Я прочла письма с волнением и интересом, но кузину Монику они не растрогали, как меня. Она читала с той же улыбкой — неуловимой, невозмутимой, — с которой впервые взглянула на них. У нее был вид человека, который с любопытством прослеживает становление характера, теперь хорошо знакомого.

— Дядя Сайлас глубоко религиозен? — задала я вопрос леди Ноуллз: меня смущало выражение ее лица.

— Преглубоко… — ответила она все с той же высокомерной улыбкой, не поднимая глаз от одного из писем, не гоня с лица все ту же высокомерную улыбку.

— Но вы так не думаете, кузина Моника! — сказала я.

Она подняла голову и в упор посмотрела на меня.

— Почему же, Мод?

— Потому что скептически улыбаетесь над его письмами.

— Разве? — воскликнула она. — Это невольно… Дело в том, Мод, что ваш покойный папа заблуждался в моем отношении. Я не имела никаких предрассудков, что касается Сайласа… никакого сложившегося мнения. Я никогда не знала, что думать о нем. Никогда не принимала его за естественное порождение природы, но видела в нем детище Сфинкса. И я никогда не могла понять его. Вот и все.

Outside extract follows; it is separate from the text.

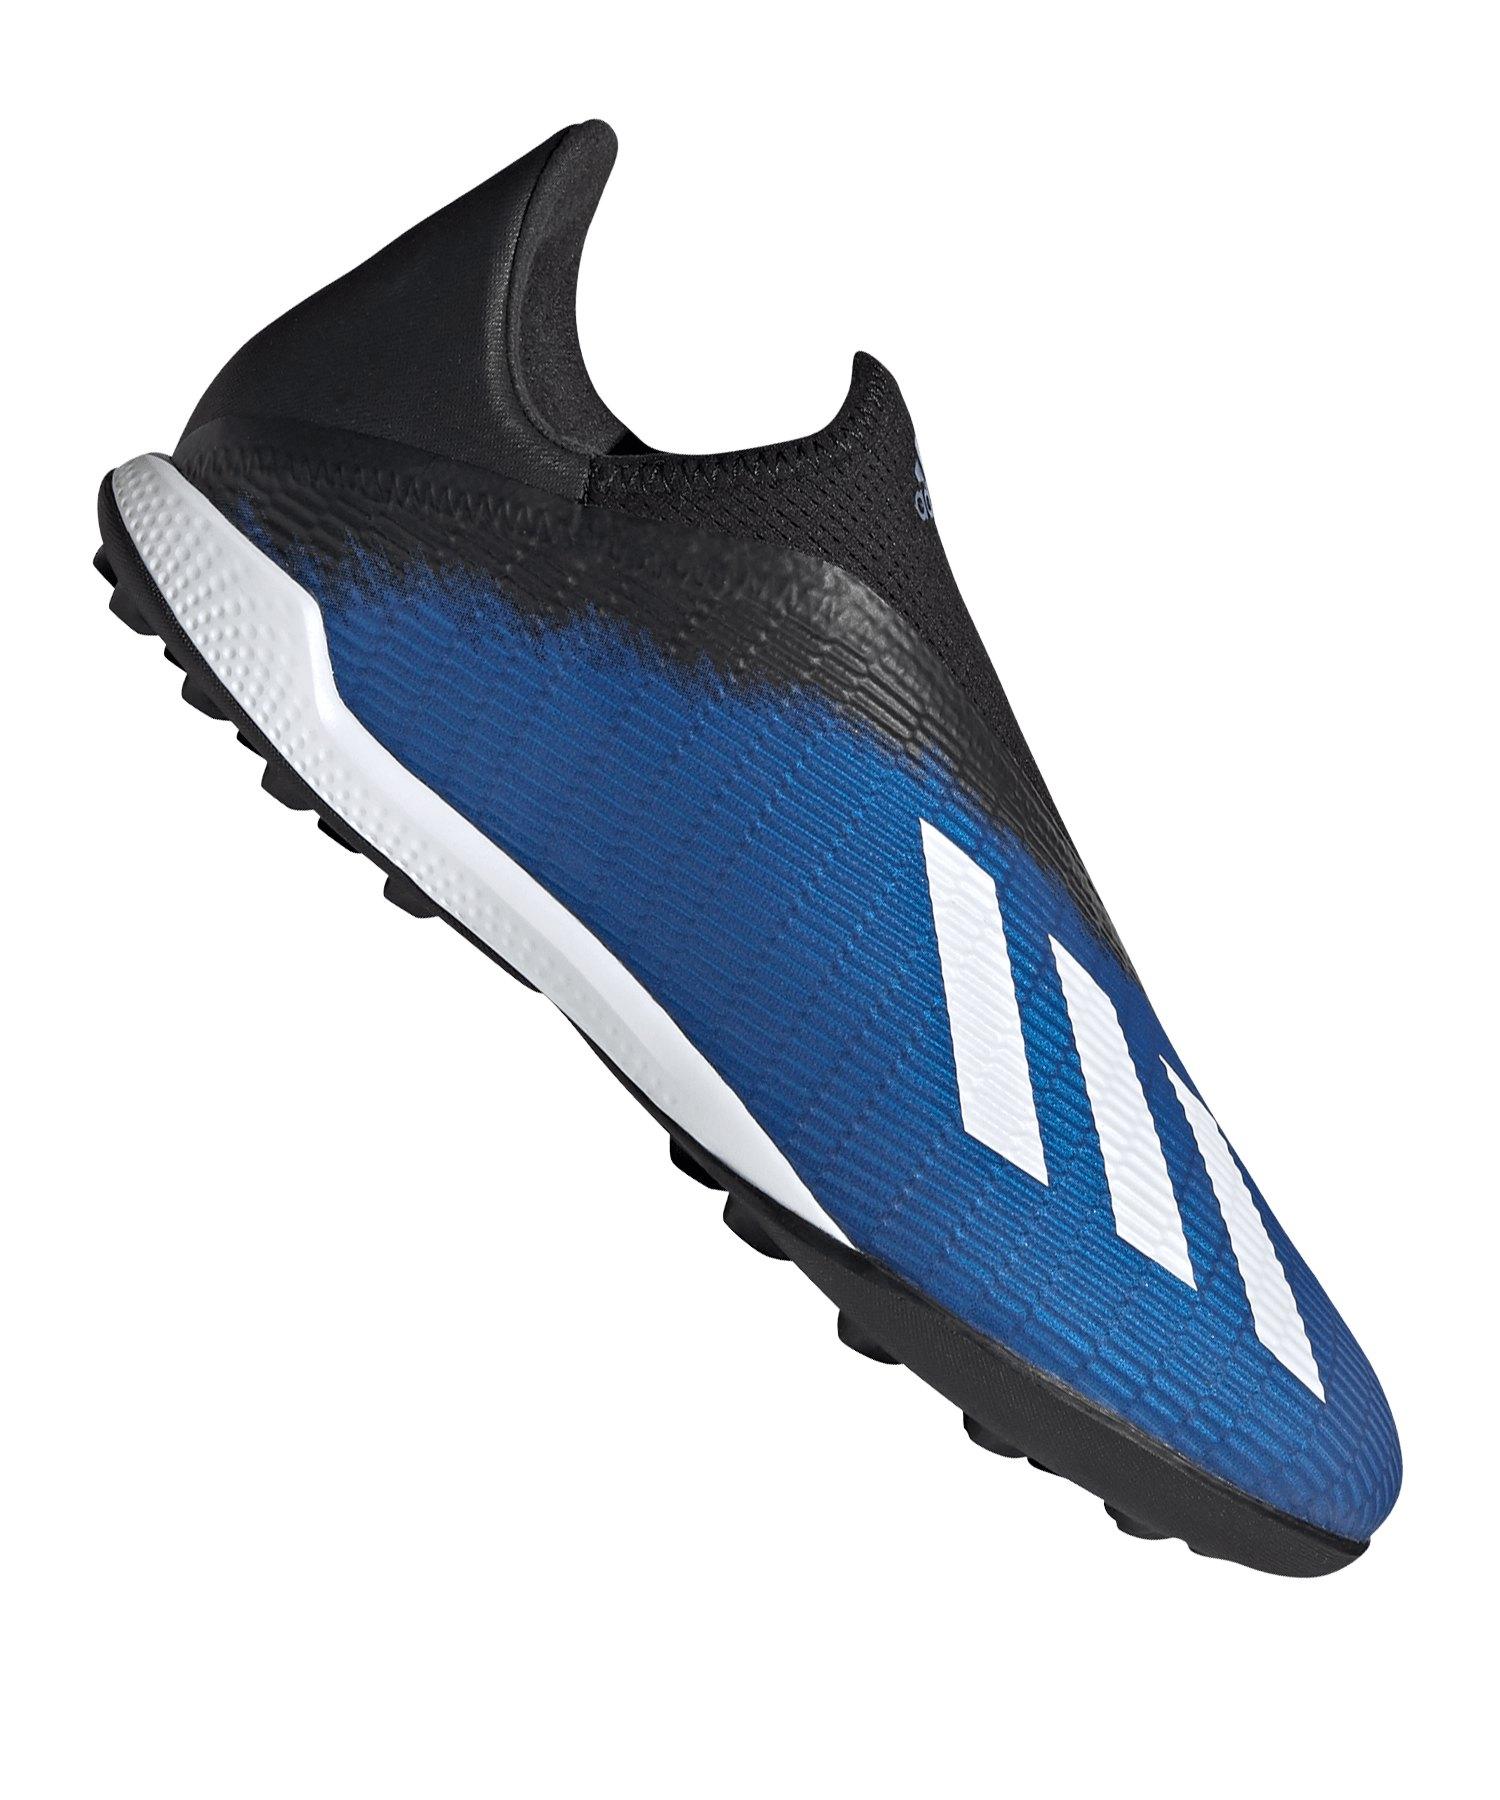 adidas X 19.3 LL TF Blau Weiss Schwarz - blau

— Я — тоже, но это потому, что мне оставались одни догадки, я должна была выискивать ответы на его портрете или где придется. Кроме того, что вы мне рассказали, я слышала о дяде лишь несколько скупых фраз — покойному папе не нравились мои расспросы, он и слугам, наверное, приказал молчать.

— Такое же предписание вашей кузине содержится в этом коротком письме — ну, не совсем такое, но похожее. И смысла я не пойму. — Она вопросительно взглянула на меня. — Что касается Сайласа, вас нельзя пугать, а испугайся вы, то сделаетесь непригодны для важной услуги, которую взялись оказать вашей фамилии и суть которой мне вскоре станет ясна; пусть и пассивная, услуга будет для вас крайне печальной, если необоснованный страх прокрадется к вам в душу.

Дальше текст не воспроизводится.